Below is a simplified fraud-proof example. In a fraud-proof, full nodes provide light nodes with just enough data for them to autonomously identify an invalid tx. The first step of this proof requires full nodes to show light nodes that a particular piece of data (for example, the tx claimed to be invalid) belongs to the block body.
This is rather straightforward because Merkle Trees can be used to do just that. By using a Merkle Tree, full nodes can efficiently prove to light nodes that a particular transaction is included in the block w/o requiring them to download the whole block.
However, while proving the inclusion of a tx is trivial, proving the absence of a tx is not. This is problematic because as we will see in the next section, proving the absence of a tx is equally important as proving the inclusion of a tx for fraud/validity proofs to effectively work.

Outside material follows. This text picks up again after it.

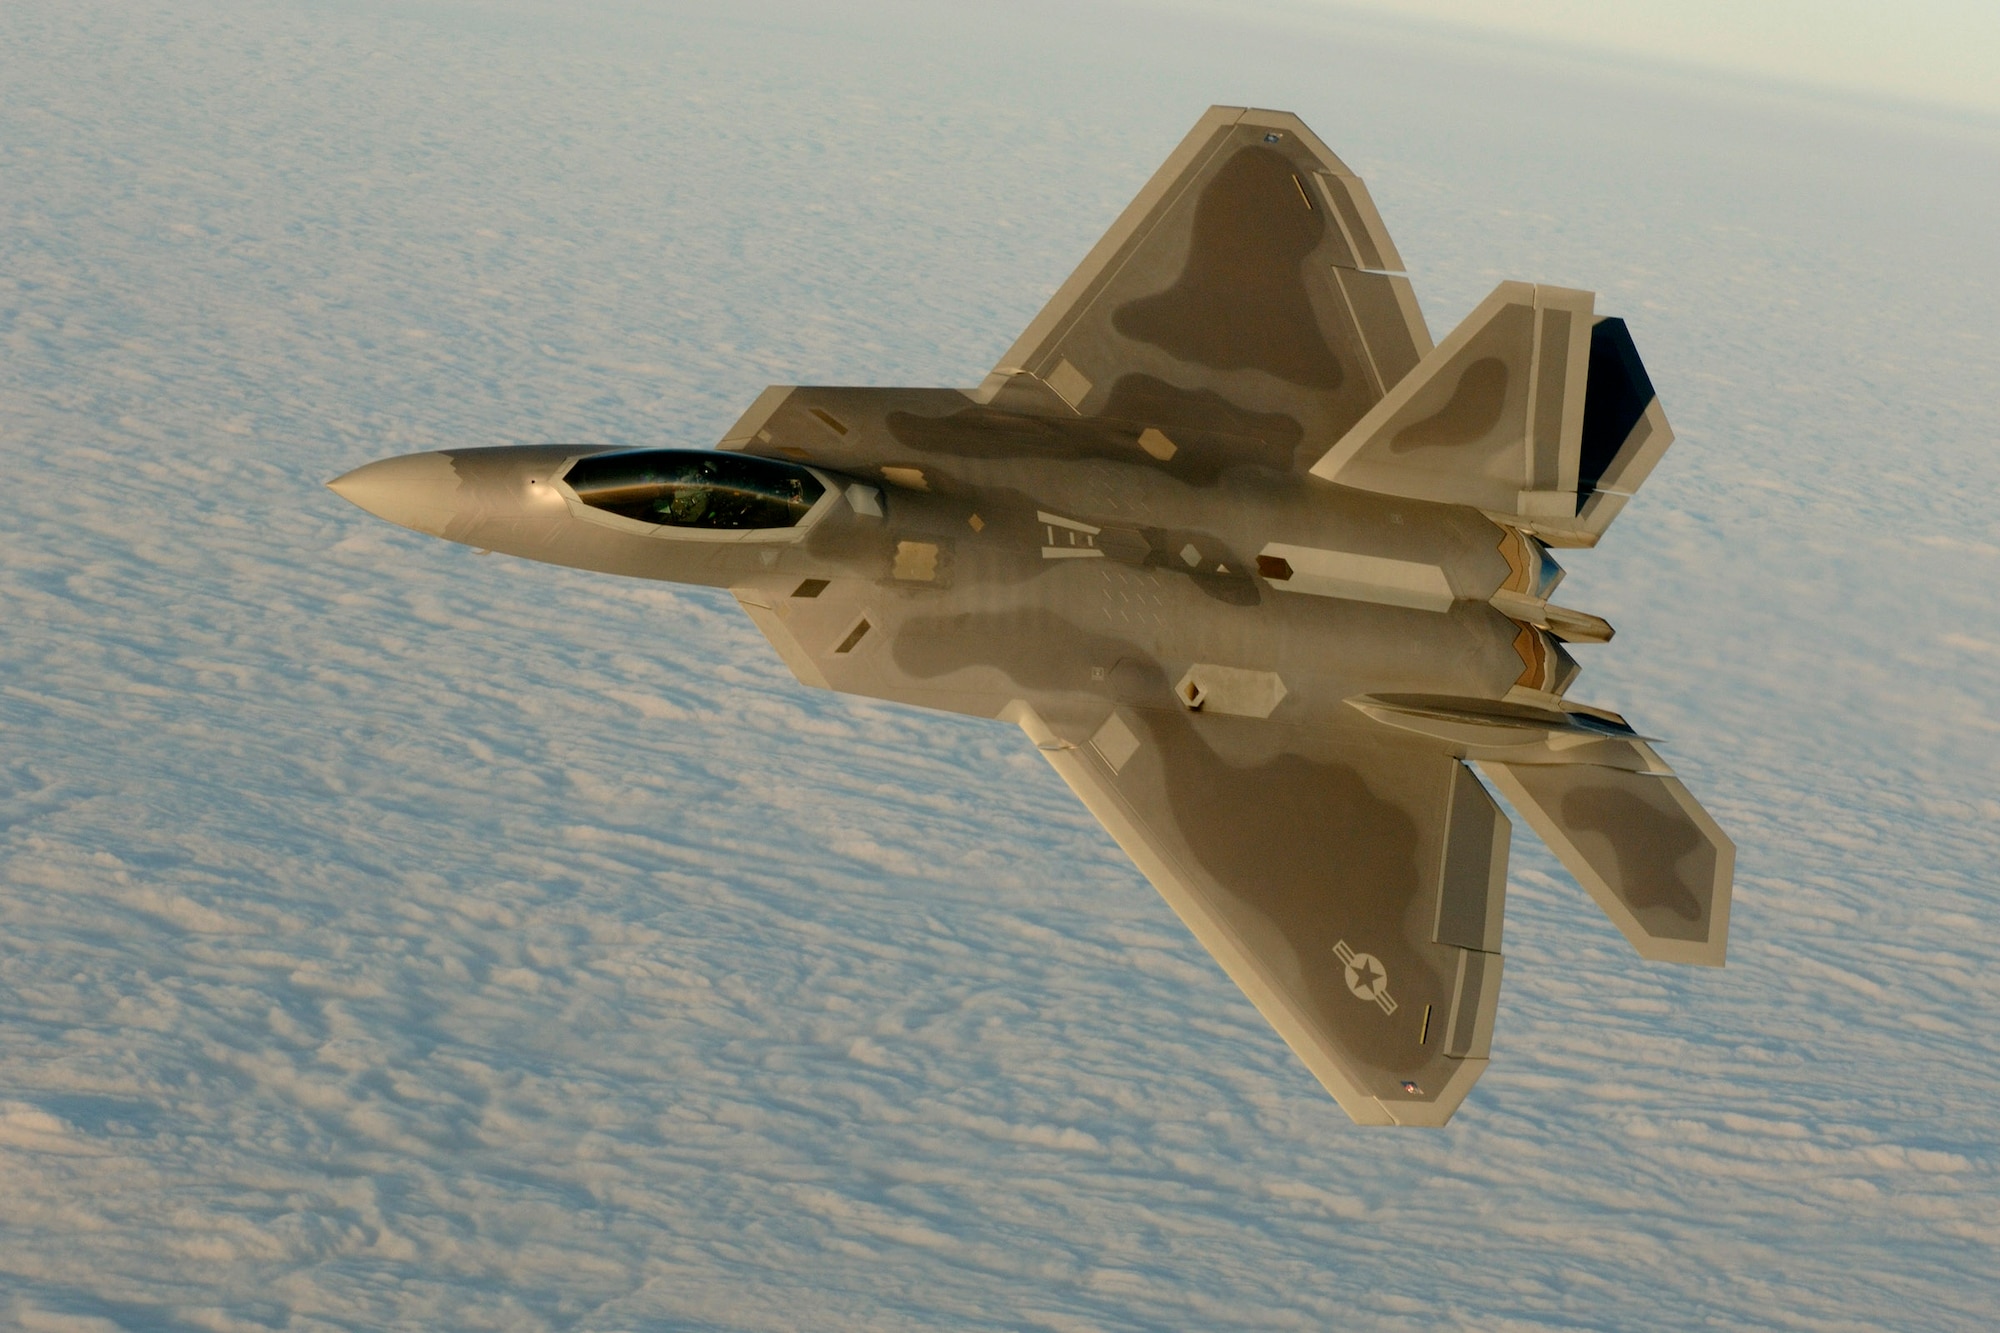 OVER THE ATLANTIC OCEAN (AFPN) -- Capt. Chris Batterton aggressively banks his F-22A Raptor during a basic fighting maneuver training mission off the Virginia coast last week. The captain is with the 27th Fighter Squadron, the Air Force's first unit to fly the Raptor. The 1st Fighter Wing declared initial operational capability last month, making the Air Force's fifth generation fighter ready to fight. (U. S. Air Force Photo by TSgt Ben Bloker)

For full nodes to generate fraud/validity proofs in the first place, they must be able to compute the state — account balances, contract codes, etc.
This requires full nodes to download and execute *all* transactions. But what if a malicious consensus releases block headers yet withholds some tx(s) in the block body?
Under such an attack scenario, full nodes will easily notice that data in the body is missing and therefore reject following the chain. However, light nodes who only download headers will continue to follow it as they won’t notice any difference.
Note this problem applies to both fraud and validity proof-based solutions because, without access to full data, honest full nodes can’t generate fraud/validity proofs. In case of a data withholding attack
In either case, light nodes won’t notice a problem and will unintentionally fork away from full nodes.
The data availability problem is a very subtle problem by nature because the only way to prove the absence of a tx is to download all txs, which is exactly what light nodes want to avoid doing due to their resource restrictions.
Now that we have identified the problem, let’s see how Celestia addresses it. Earlier when we distinguished between validity and consensus we mentioned that Celestia doesn’t care about the validity of transactions. What Celestia does care about, however, is whether block producers have fully published the data behind the header or not.
What makes Celestia extremely scalable is that this availability rule can be autonomously enforced by resource-limited light nodes. This is done through a novel process known as data availability sampling.
DAS relies on a long-existing data protection technique known as erasure coding. While the way Celestia implements erasure coding is beyond the scope of this report, it’s important to know the fundamentals in play.
Applying erasure coding to a piece of data extends it in a way where the original data can be recovered from a fixed fraction of the extended data. For example, a piece of data can be erasure coded to double in size and can be fully recovered from *any* 50% of the extended data. By erasure coding blocks in a specific way, Celestia enables a resource-limited light node to randomly sample a number of fixed small-sized chunks of data from the block and have high probabilistic guarantees that all the other chunks have been made available to the network. This probabilistic guarantee owes its assurances to the number of nodes participating in the sampling process.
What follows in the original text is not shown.